Testing ASM Disk Failure Scenario and disk_repair_time

When a disk failure occurs for an ASM disk, behavior of ASM would be different, based on what kind of redundancy for the diskgroup is in use. If diskgroup has EXTERNAL REDUDANCY, diskgroup would keep working if you have redundancy at external RAID level. If there is no RAID at external level, the diskgroup would immediately get dismounted and disk would need a repair/replaced and then diskgroup might need to be dropped and re-created, and data on this diskgroup would require recovery.

For NORMAL and HIGH redundancy diskgroups, the behavior is a little different. When a disk gets corrupted/missing in a NORMAL/HIGH redundancy diskgroup, error is reported in the alert log file, and disk becomes OFFLINE, as we can see in the output of bellow query, after I started my testing for an ASM disk failure. I just needed to plug out the disk from the storage that belonged to an ASM diskgroup with NORMAL redundancy.

col name format a8

col header_status format a7

set lines 2000

col path format a10

select name,path,state,header_status,REPAIR_TIMER,mode_status,mount_status from v$asm_disk;

NAME PATH STATE HEADER_ REPAIR_TIMER MODE_ST MOUNT_S

-------- ---------- -------- ------- ------------ ------- ----------------- ------------ ------------- -----------------

DATA1 ORCL:DATA1 NORMAL MEMBER 0 ONLINE CACHED

DATA2 ORCL:DATA2 NORMAL MEMBER 0 ONLINE CACHED

DATA3 ORCL:DATA3 NORMAL MEMBER 0 ONLINE CACHED

DATA4 NORMAL UNKNOWN 1200 OFFLINE MISSING

Here we see a value “1200” under REPAIR_TIME column; this value is time in seconds after which this disk would be dropped automatically.
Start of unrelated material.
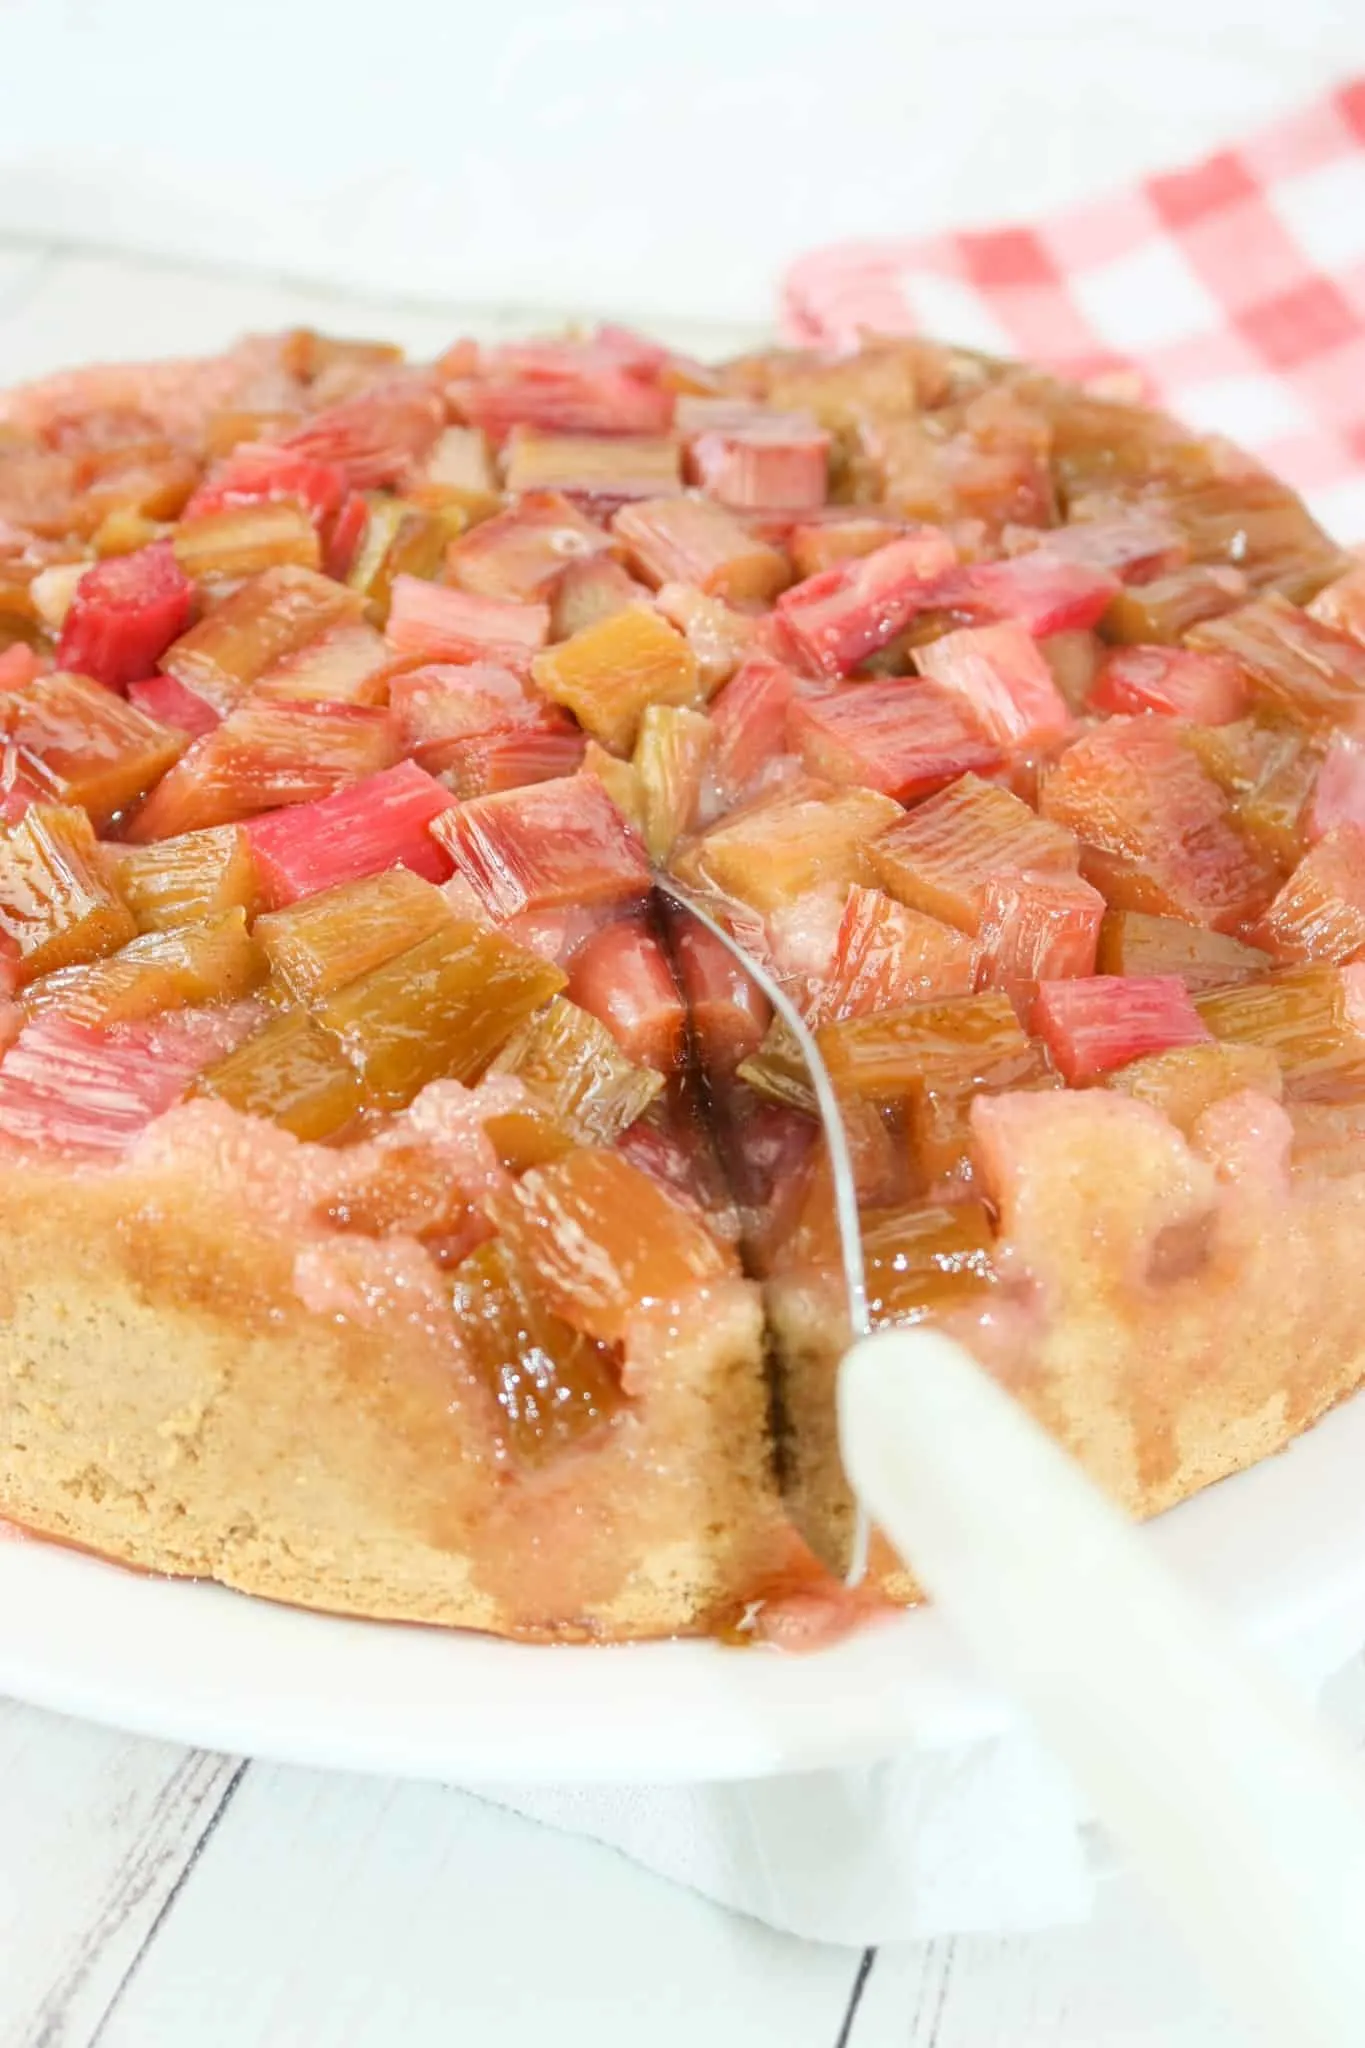 Rhubarb Upside Down Cake is a delicious and easy way to use up that seasonal vegetable that we treat more like a fruit!  This gluten free cake is a moist and flavourful dessert for all to enjoy.

This time is calculated using value of a diskgroup attribute called DISK_REPAIR_TIME that I will discuss bellow.

In 10g, if a disk goes missing, it would immediately get dropped and REBALANCE operation would kick in immediately whereby ASM would start redistributing the ASM extents across the available disks in ASM diskgroup to restore the redundancy.

DISK_REPAIR_TIME

Starting 11g, oracle has provided an attribute for diskgroups called “DISK_REPAIR_TIME”. This has a default value of 3.6 hours. This actually means that in case a disk goes missing, this disk should not be dropped immediately and ASM should wait for this disk to come online/replaced. This feature helps in scenarios where a disk is plugged out accidentally, or a storage server/SAN gets disconnected/rebooted which leaves some ASM diskgroup without one or more disks. During the time when disk(s) remain unavailable, ASM would keep track of the extents that are candidates of being written to the missing disks, and immediately starts writing to the disk(s) as soon as missing disk(s) come back online (this feature is called fast mirror resync). If disk(s) does not come back online within DISK_REPAIR_TIME threshold, disk(s) is/are dropped and rebalance starts.

FAILGROUP_REPAIR_TIME

Starting 12c, another new attribute can be set for the diskgroup. This attribute is FAILGROUP_REPAIR_TIME, and this has a default value of 24 hours. This attribute is similar to DISK_REPAIR_TIME, but is applied to the whole failgroup. In Exadata, all disks belonging to a storage server can belong to a failgroup (to avoid a mirror copy of extent to be written in a disk from the same storage server), and this attribute is quite handy in Exadata environment when complete storage server is taken down for maintenance, or some other reason.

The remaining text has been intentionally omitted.